» **Dataset section**

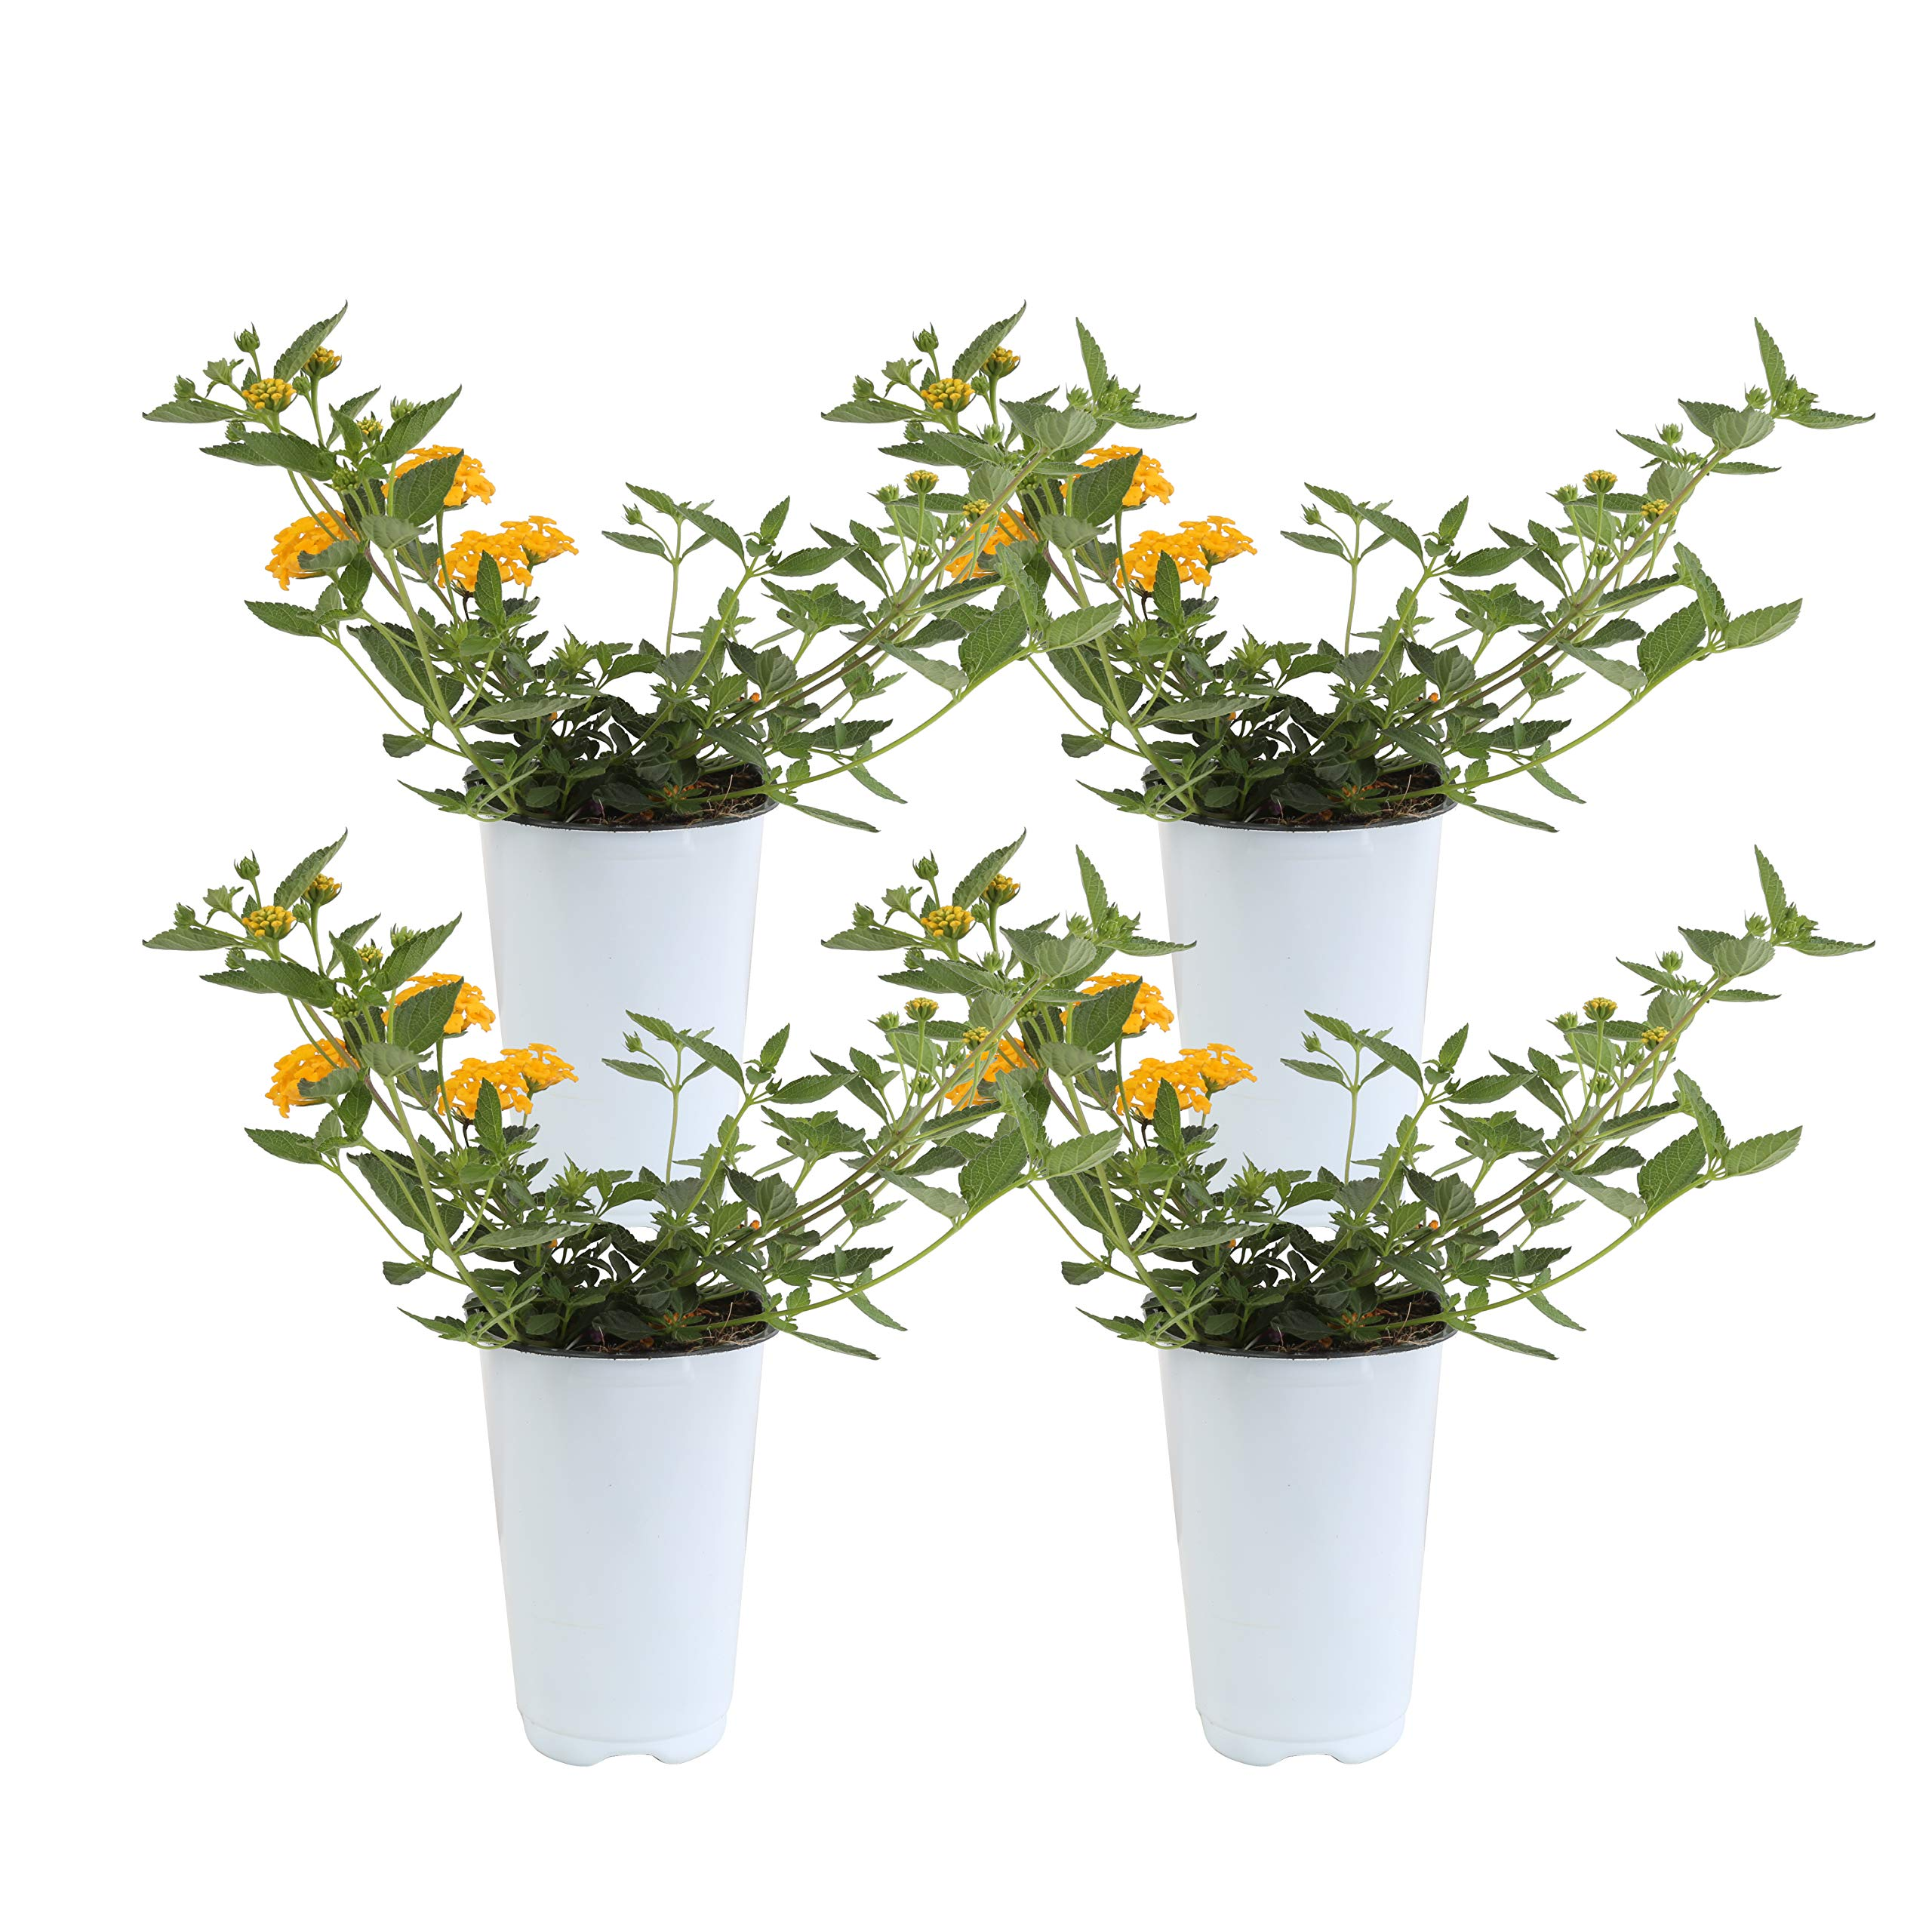 Costa Farms Live Premium Lantana Plant 1.00 qt Grower Pot, 4-Pack Yellow
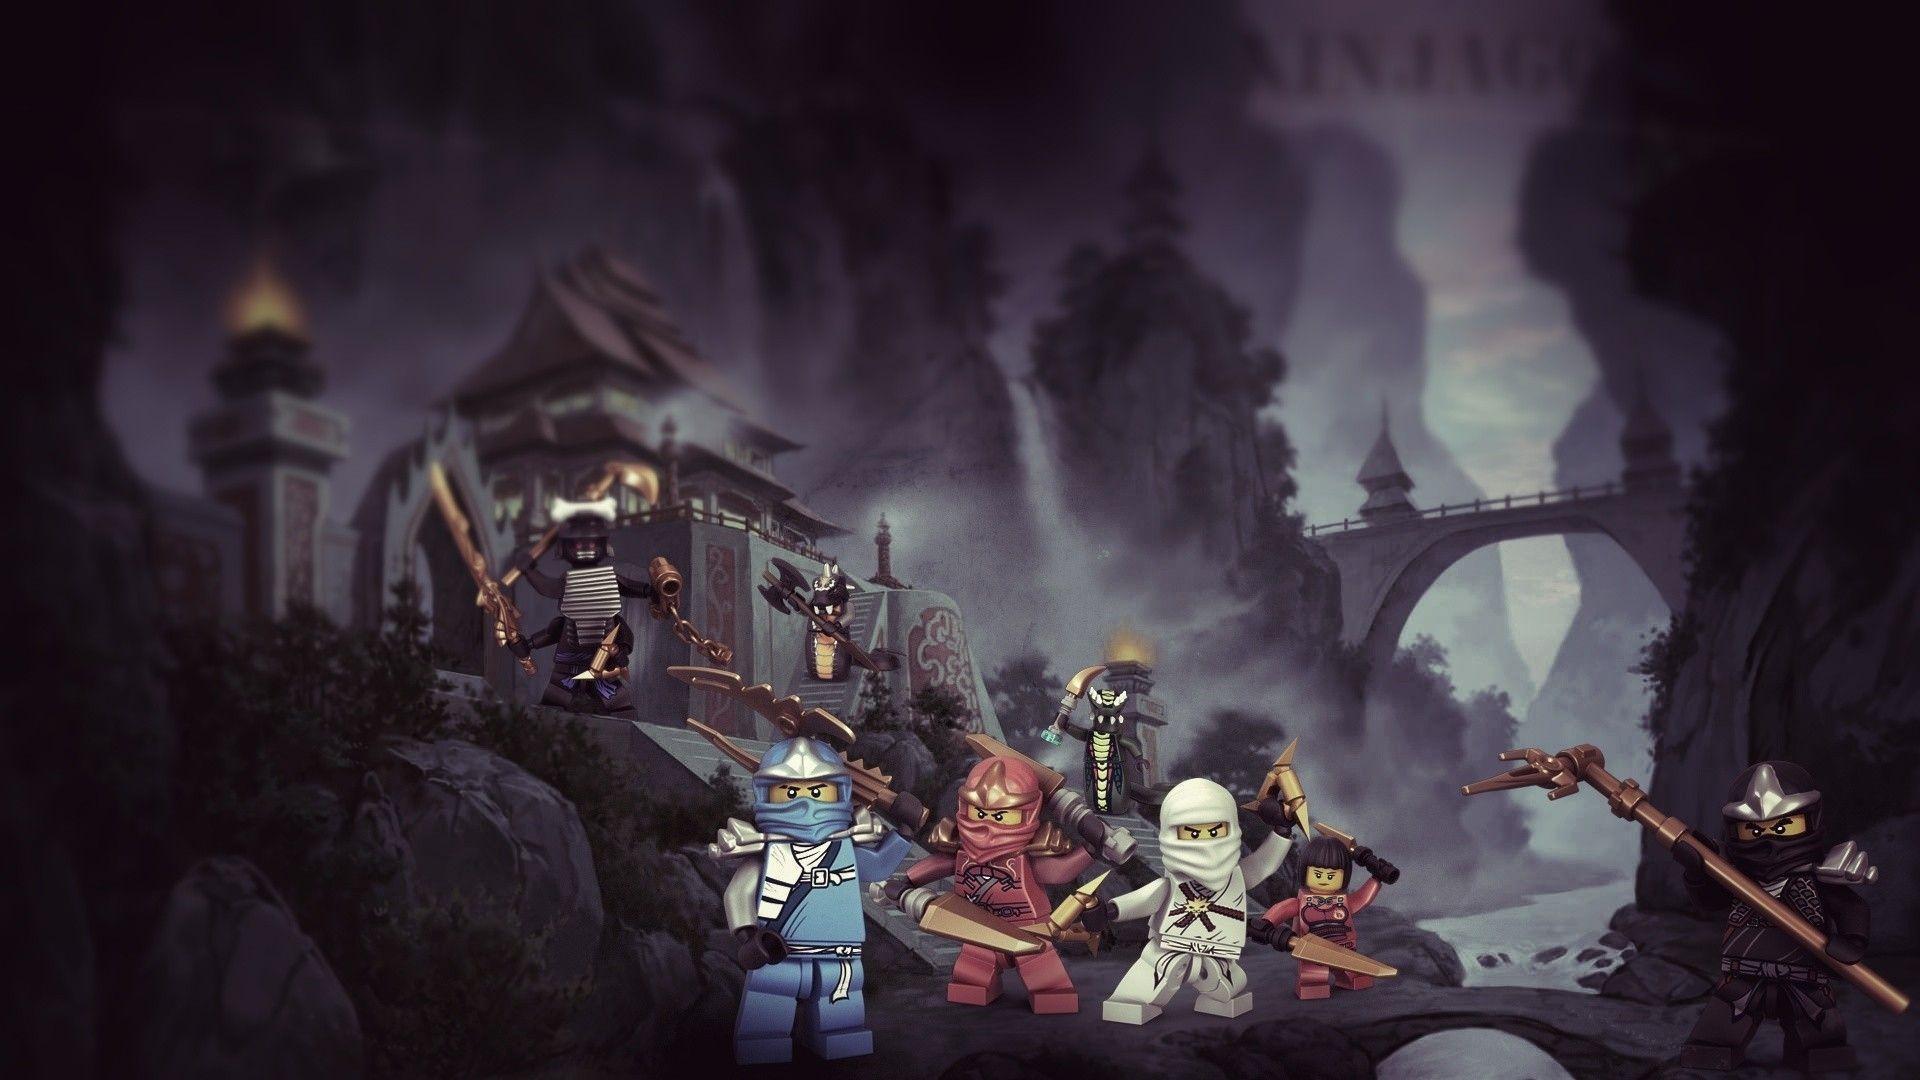 Ninjago Wallpapers Wallpaper Cave HD Wallpapers Download Free Images Wallpaper [1000image.com]
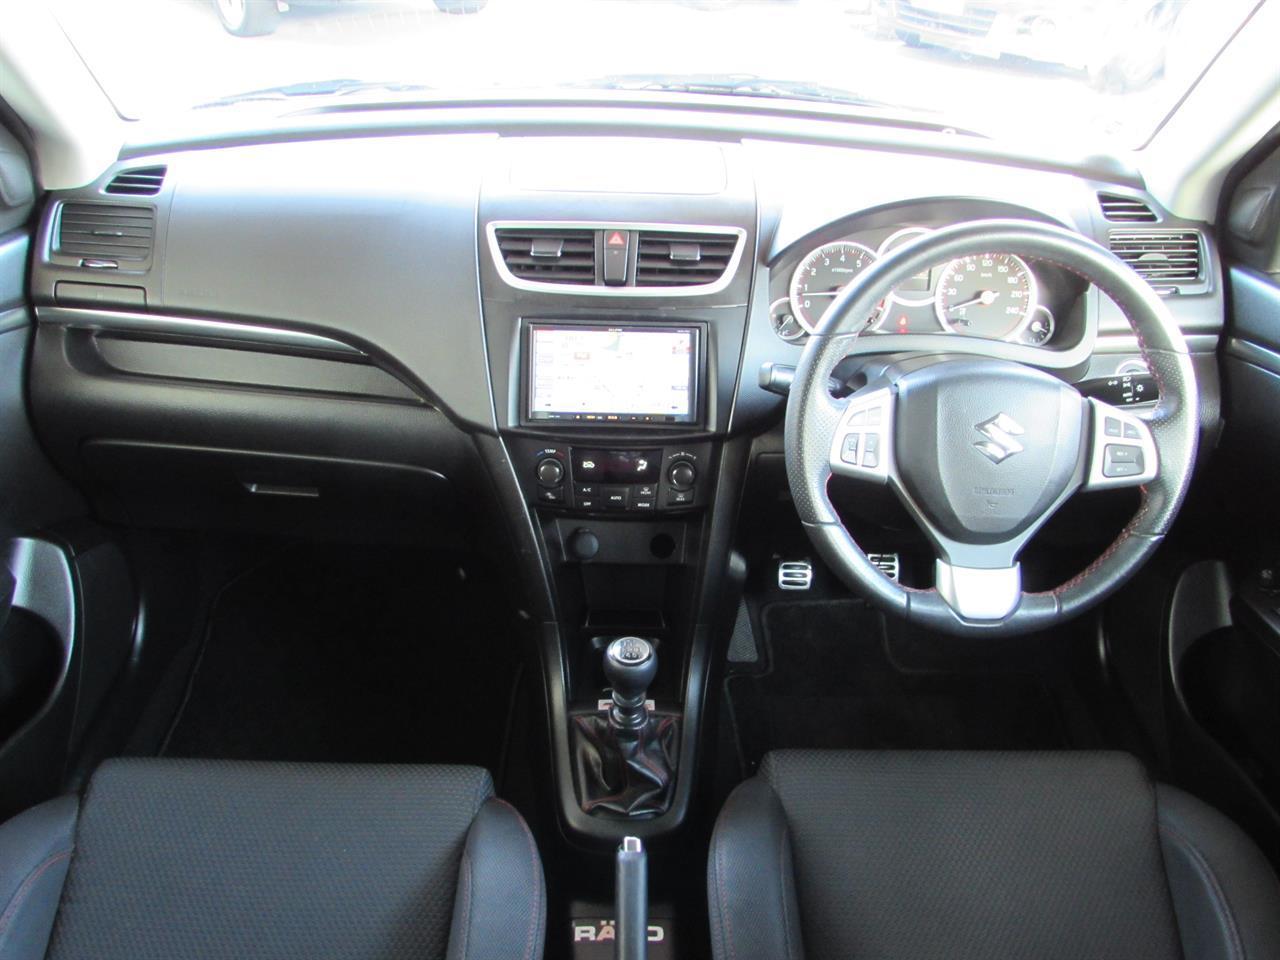 image-13, 2014 Suzuki SWIFT SPORTS at Christchurch

» **Task brief**
Exactly as written, return each line above and leave the pictures behind.

» **Response below**
 Costa Farms Live Premium Lantana Plant 1.00 qt Grower Pot, 4-Pack Yellow
 Ninjago Wallpapers Wallpaper Cave HD Wallpapers Download Free Images Wallpaper [1000image.com]
 image-13, 2014 Suzuki SWIFT SPORTS at Christchurch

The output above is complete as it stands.